While most of the concepts of SAP IQ transfer to the SAP HANA Cloud, data lake, not all do. This blog will focus on the indexing strategies that are available in the SAP HANA Cloud, data lake (SAP IQ) and when to use them.
As SAP IQ is the underlying technology for SAP HANA Cloud, data lake, SAP IQ will be used when describing the technical features.
When creating a table, a default index is placed on every column. This index is referred to as a Fast Projection (FP) index and has built in compression. NBit is the compression scheme employed. It uses <n> bits to index the dictionary where the data is stored and is enabled on every column except LOB and BIT column types.
Besides compression, the FP index also employs a feature called zone maps that can improve performance when executing queries.
A zone map, also known as a storage index, data skipping, or constraint exclusion, optimizes scan processing by ignoring complete pages of values if the server can guarantee that there is no value of interest to the predicate(s) being searched on that page. A zone map is a data structure containing the min/max values of each page of column data, and is stored as part of the FP index.
A zone map is most effective if no other index (besides an FP index) exists on a column or the values in a column are arranged in a sequential order (for example, by transaction date). A zone map is less effective for tables with few rows, or for columns that have a uniform distribution of values across all pages.
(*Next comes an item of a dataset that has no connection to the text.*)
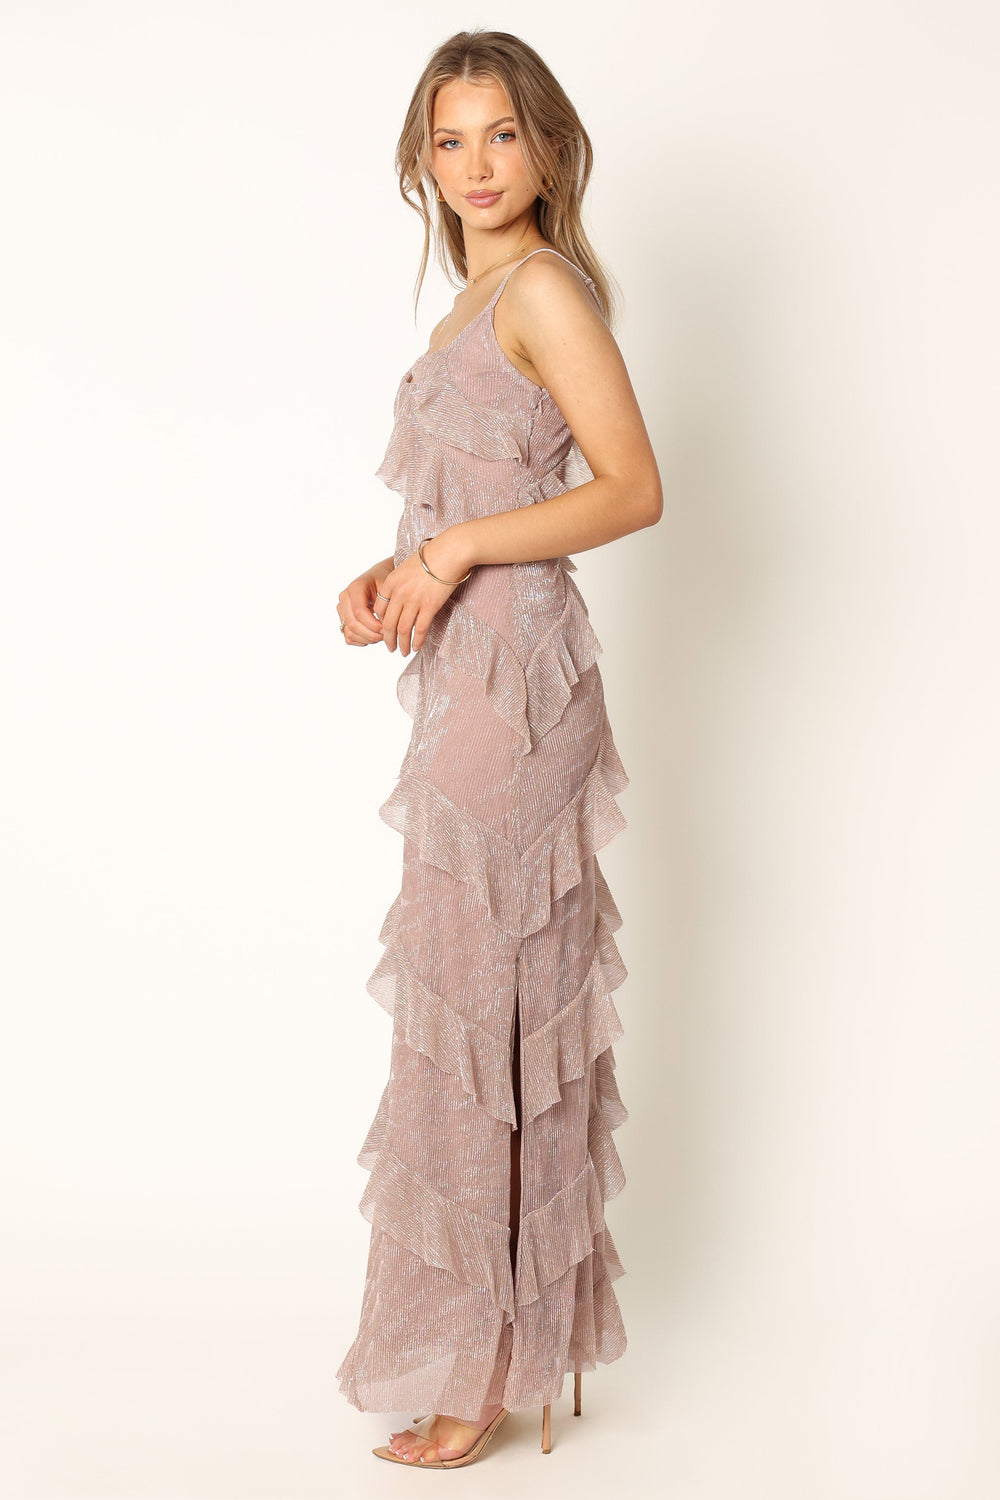 Petal and Pup USA DRESSES Ciao Ruffles Maxi Dress - Dusty Lavender

Zone maps require the values in the predicate(s) be fixed; not derived from a function, and supports four classes of predicates: equality (=), inequality (<, >, !=), between, and not between.
In addition to the basic FP indexes, SAP IQ supports these indexes:
- High Group (HG) – used for join columns and searchable columns whose data has more than 2,000 distinct values
- Word (WD) – Use for whole word searching of character based data
- Text (TEXT)– Use for full text searching of character based data
- Date (DATE) – Use for fields that have a DATE data type
- Time (TIME) – Use for fields that have a TIME data type
- Datetime (DTTM) – Use for fields that have a DATETIME/TIMESTAMP data type
- Compare (CMP) – Indexes the relationship (<, >, =) between any two distinct columns with identical data types, precision, and scale
The following indexes are included only for the reference of customers that have migrated from SAP IQ. Both of these indexes have been deprecated and should be replaced by the HG index as it offers better performance.
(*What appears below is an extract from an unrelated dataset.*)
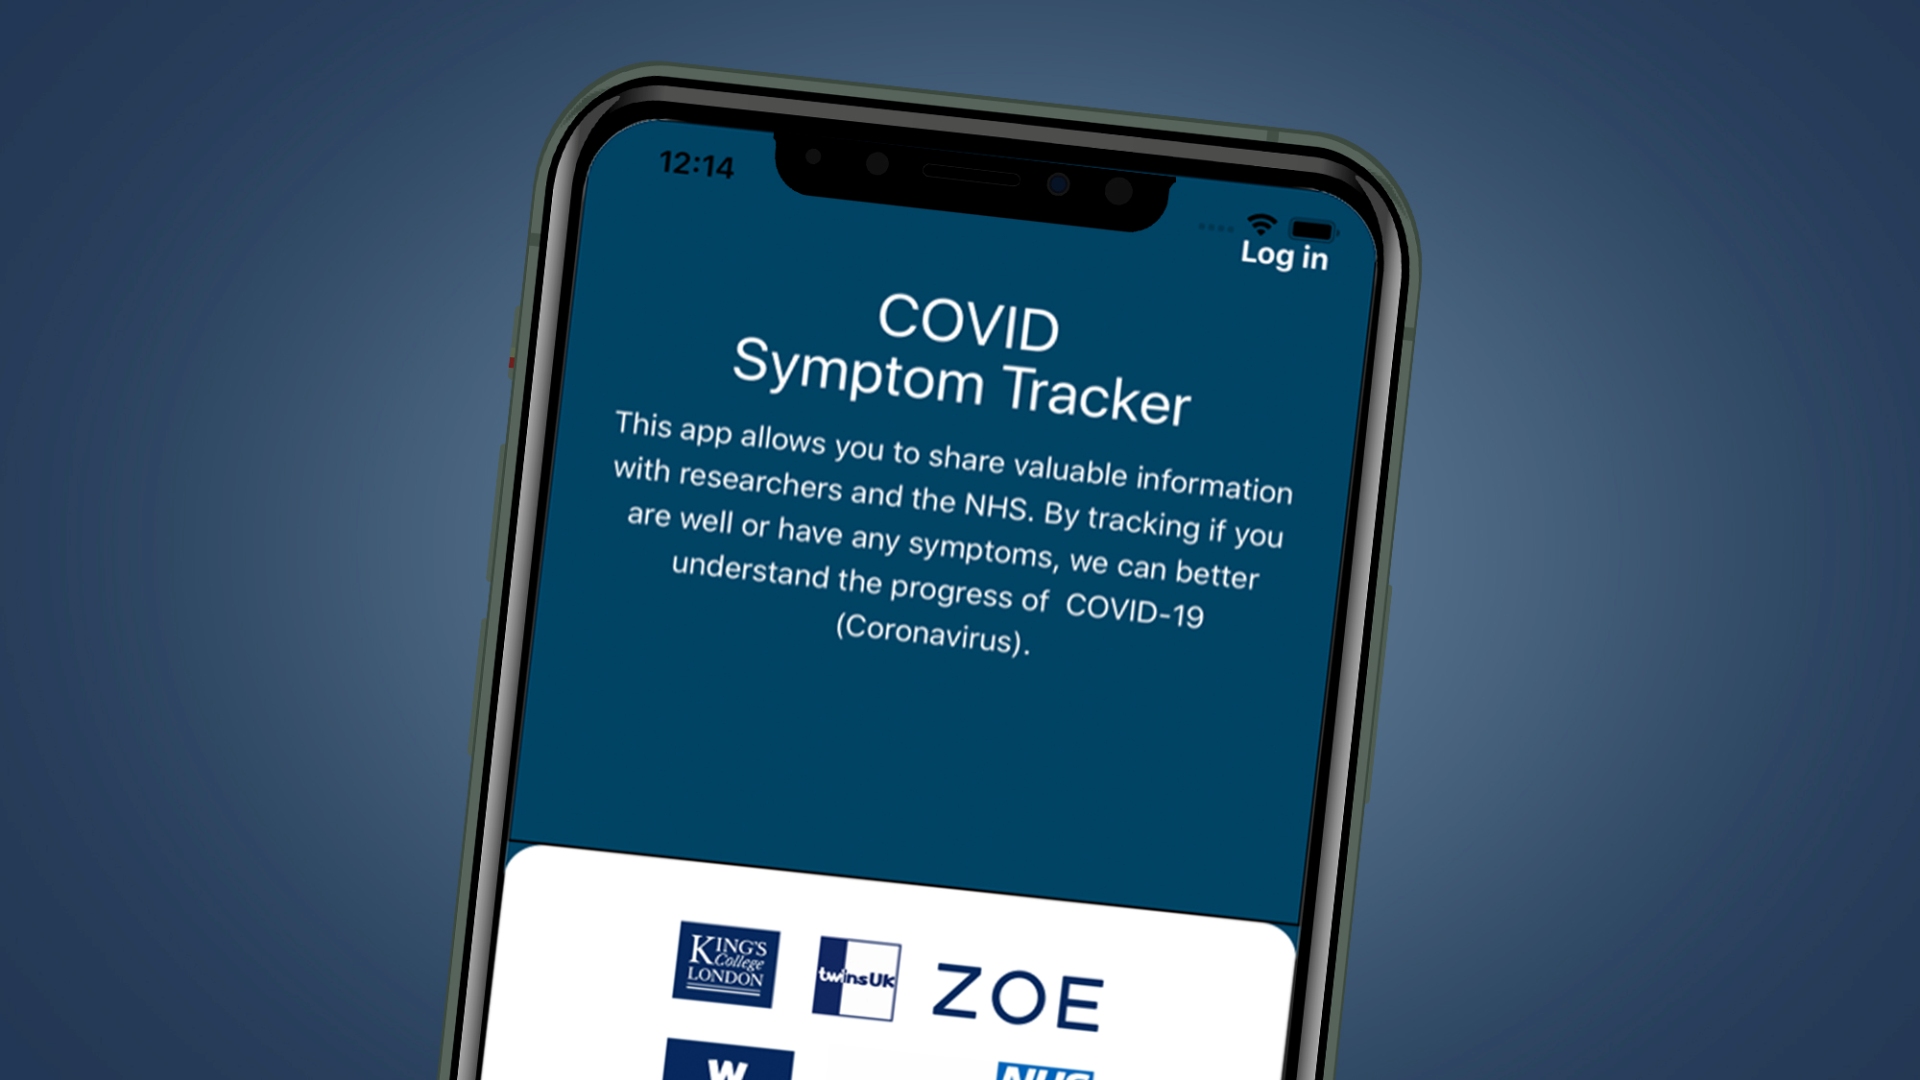 COVID-19 Symptom Tracker App To Download

- Low Fast (LF) – used for join columns and searchable columns whose data has fewer than 2,000 distinct values
- High Non Group (HNG) – used for range searches (except for date, time, and datetime data types) and for single column aggregations
When Are Indexes Used?
In most relational database engines, the optimizer chooses the best single index for a given table in the query. SAP IQ takes the optimization process to the next level by looking not only at each column in the query, but at all joins and search arguments.
For example, take this query:
select a, b, c from table_a, table_b where table_a.date_field = table_b.date_field and table_a.date_field between ‘2019-01-01’ and ‘2019-02-01’ and month( table_a.date_field ) = 1
The optimizer could choose up to three different indexes for the date_field column on table_a. First, an index for the join to table_b would be needed. Second, an index for the range search in the BETWEEN statement would be needed. Lastly, the date function MONTH() can also use an index for the comparison to 1 (January).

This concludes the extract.